Similar matrices can be defined for capacity factor Y also. Based on the failure criteria defined earlier, the limit state function can be defined as follows:

$$Z = \,X - Y$$

(4)

Probability of failure can be defined as

$$P \left(\mathrm{Failure}\right)=P\left(Z>0\right)$$

(5)

To estimate the failure probability of the components (considering the correlations) there are different methods available such as simulation methods (MonteCarlo, Latin Hyper Cube Sampling), analytical approximations such as First Order Reliability Method (FORM), Second Order Reliability Method (SORM) etc. (Budnitz et al. 2017).

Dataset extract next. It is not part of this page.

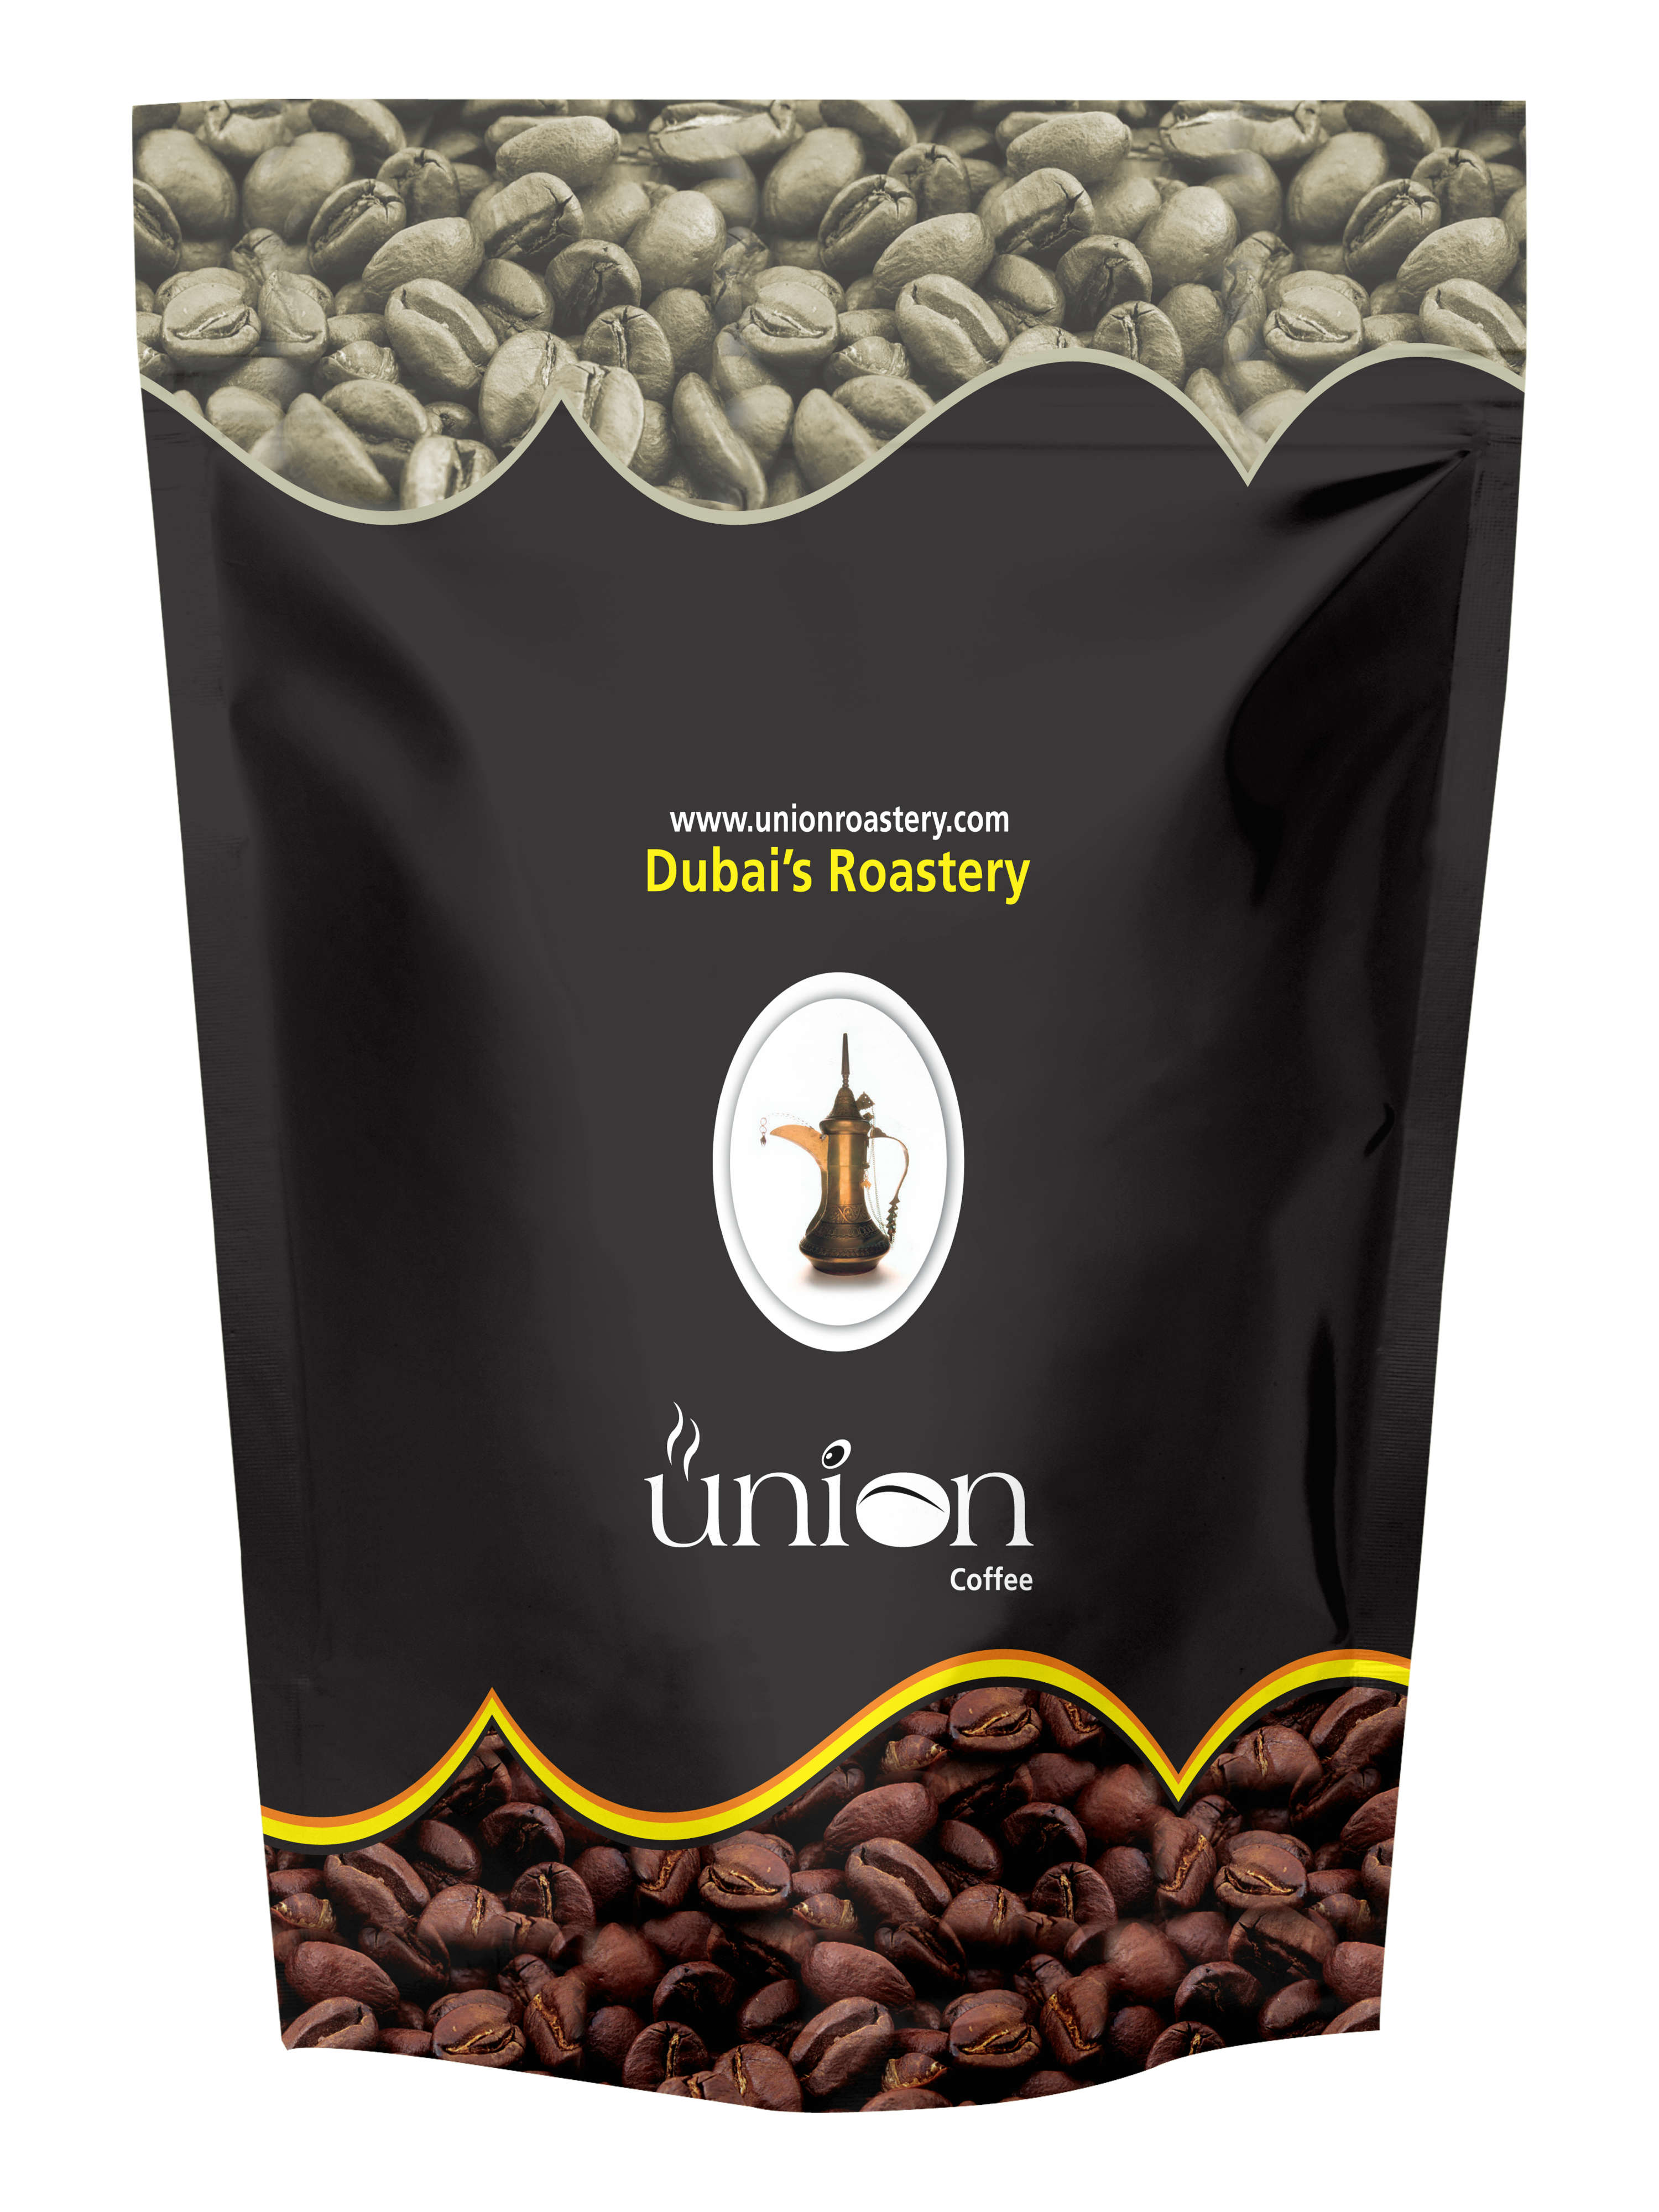 Coffee Bean Bags

Scale Factor Based Approach

In the fragility evaluation, the conditional probability of component failure is determined by considering the capacities of the components in various failure modes. The fragility curve for any component can be defined with the help of its median ground acceleration capacity, A_m, and the corresponding aleatory uncertainty (\(\beta_{R}\)) and epistemic uncertainty (\(\beta_{U}\)). Hence, the probability of failure (p_f) at a non exceedence probability (Q) can be expressed as (Allin Cornell 1968; Kennedy et al. 1980, 1988; Kennedy and Ravindra 1984):

$$p_{f} = \Phi \left[ {\frac{{\ln \left( {\frac{a}{{A_{m} }}} \right) + \beta_{u} \,\varphi^{ - 1} \left( Q \right)}}{{\beta_{R} }}} \right]$$

(6)

If both the uncertainties are combined together then the probability of failure can be given as follows:

$$\begin{gathered} p_{f\left( A \right)} = \Phi \left[ {\frac{{\ln \left( {\frac{a}{{A_{m} }}} \right)}}{{\beta_{C} }}} \right] \hfill \\ {\text{where}} \hfill \\ \beta_{C} = \sqrt {\beta_{R}^{2} + \beta_{U}^{2} } \hfill \\ \end{gathered}$$

(7)

in which Φ (^.) is the standard Gaussian cumulative function. The A_m value can be obtained from reference earthquake ground motion and median scale factor (Kennedy and Ravindra 1984).

Various Dependency Models

In this section various dependency models that were discussed previously are briefly explained highlighting their limitations.

Multiple Integration Method (SSMRP Method)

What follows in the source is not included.